El doctor Duarte miró de reojo al bar, y comprobó que estaba vacío.
— Venga usted fuera un momento, por favor. No creo que nos pase nada por sacar de aquí este palo y jugar con él unas bolas. No tardaré ni diez minutos en mostrarle a usted por qué es barato en el precio que le dije. Perdone un instante; tengo que ir a buscar algo. Sostenga el palo, por favor.
Así lo hice, no muy tranquilo, la verdad, porque semejante reliquia “quemaba” en mis manos. Solamente el hecho de imaginar de cuánto dolor fue testigo, ese palo de golf me producía vértigo. Cuando volvió, seguí al doctor Duarte hasta el campo de prácticas. Una solitaria jugadora practicaba lejos de nosotros, al final de la cancha, y podíamos hablar sin riesgo de que nos oyese. Mi amigo cogió unas bolas y las puso a mi lado.

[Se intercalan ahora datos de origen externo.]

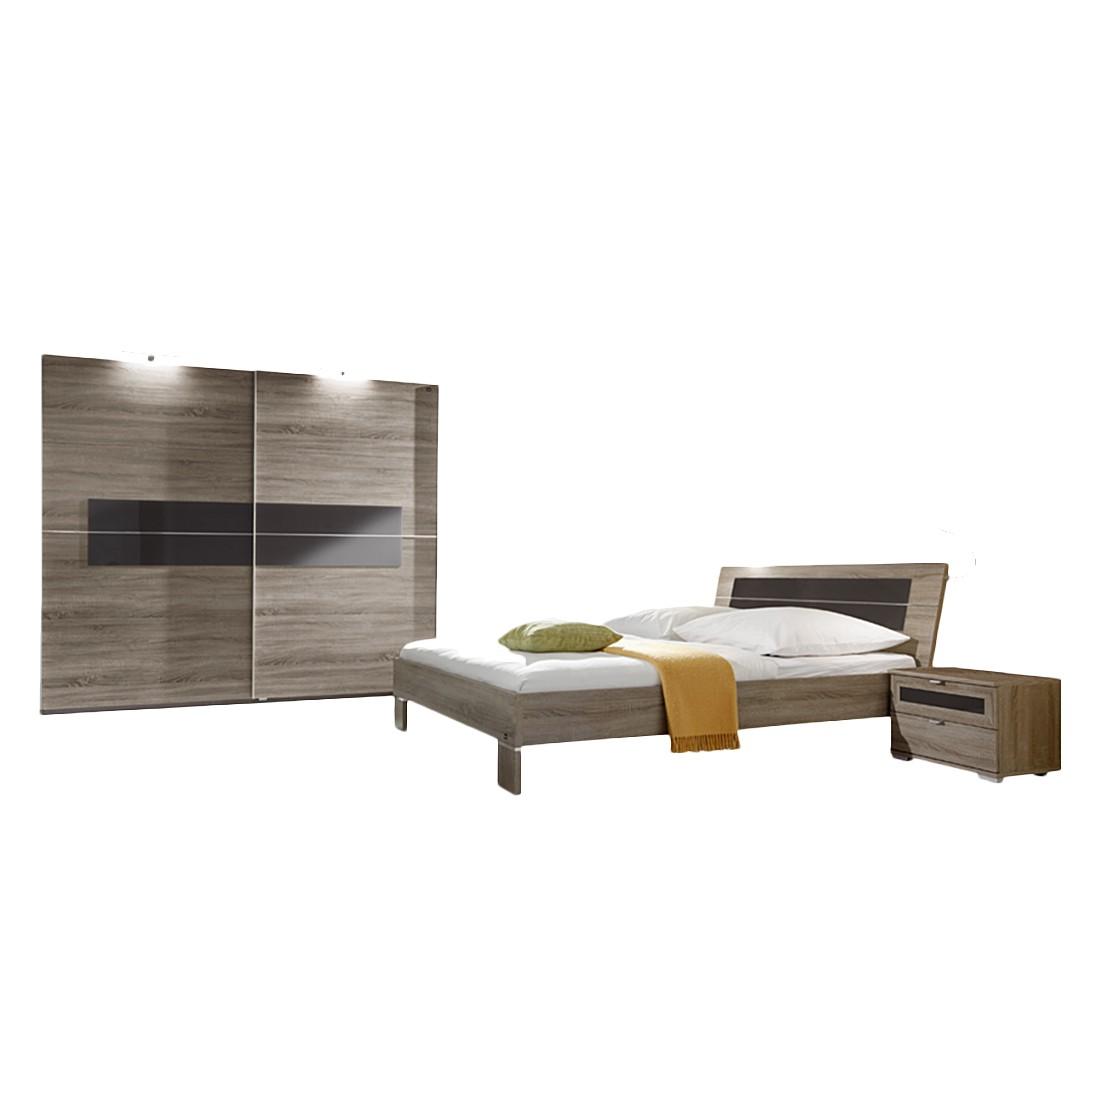 Schlafzimmer Komplettset Zoreca (4-teilig) – Eiche Dekor/Braun – 002 – Ausführung: Ausführung 2, Star Möbel jetzt bestellen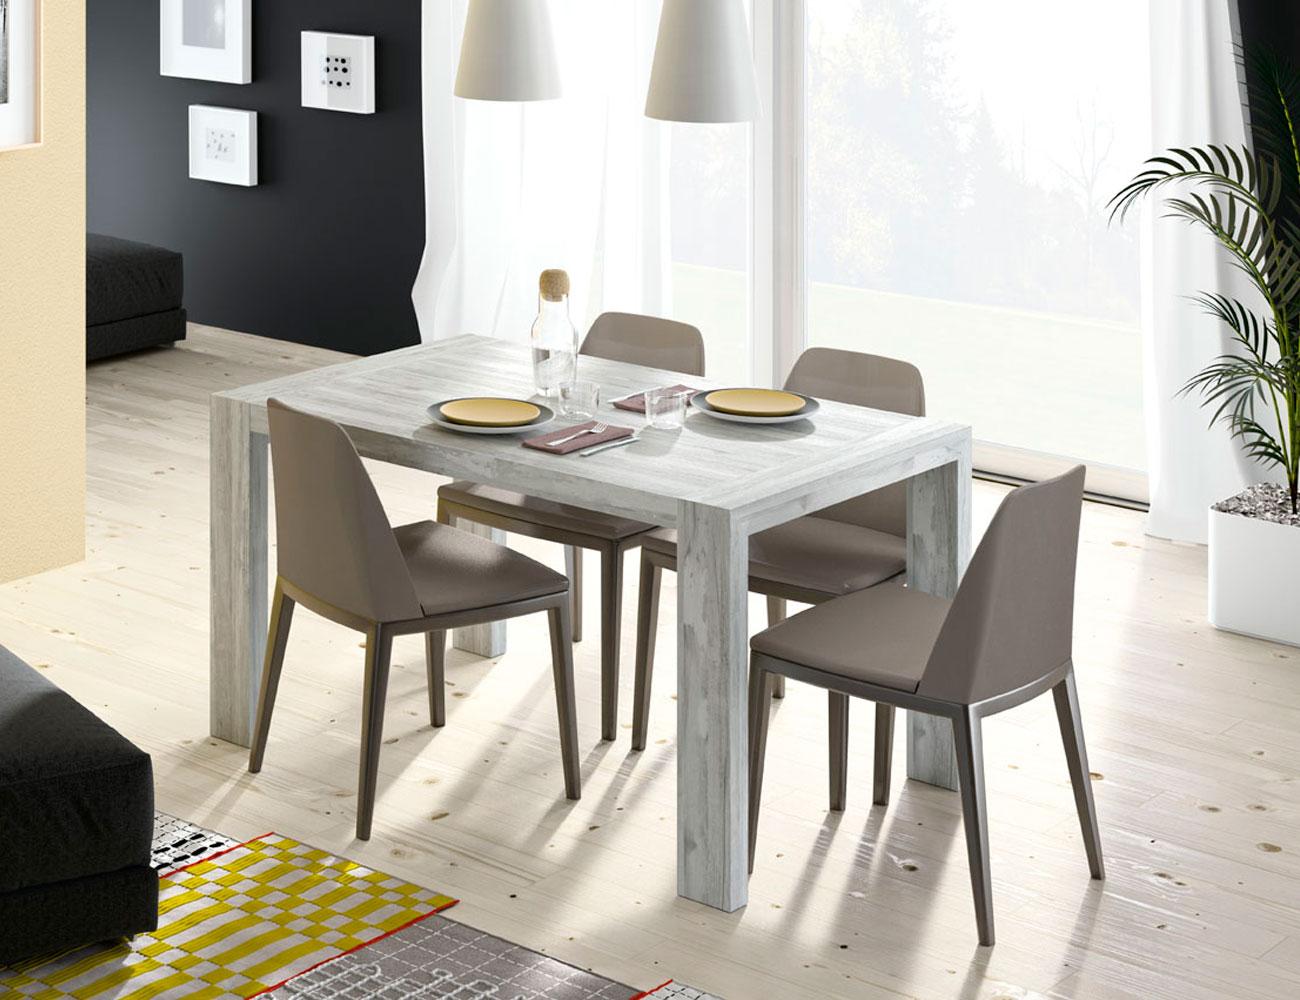 173 mesa rectangular pata deslizante artic4

— Ensaye usted unos golpes — me dijo —. Verá que es un palo fiable y equilibrado.
Comencé a golpear unas bolas con él muy suavemente, no fuera a romperlo y, efectivamente, no noté nada anormal. Era un poco más pesado que los modernos, pero nada más. Así que no podía comprender su rareza, y así se lo dije a Duarte.
— Ha comprobado que a primera vista es un antiguo palo de golf como cualquier otro, ¿verdad? Pues ahora — señaló —, coja usted una de esas bolas, encájela en el suelo para que no pueda moverse y coloque el palo horizontal sobre ella, procurando que quede en equilibrio. No, no le tomo el pelo. Hágalo usted… Hágalo con tino: debe quedar sobre la bola en equilibrio…
Seguí sus indicaciones al pie de la letra. Me costó un poco de tiempo dar con el punto exacto pero el palo quedó equilibrado sobre la bola. Como la cabeza pesa más que el mango, la bola estaba sensiblemente más cerca de aquélla, pero no había duda de su horizontalidad. Entonces, muy lentamente, sin que nada le tocase, él sólo comenzó a girar en el sentido de las agujas del reloj, oscilando a un lado y a otro de una posición en la que quedó quieto al cabo de medio minuto, más o menos.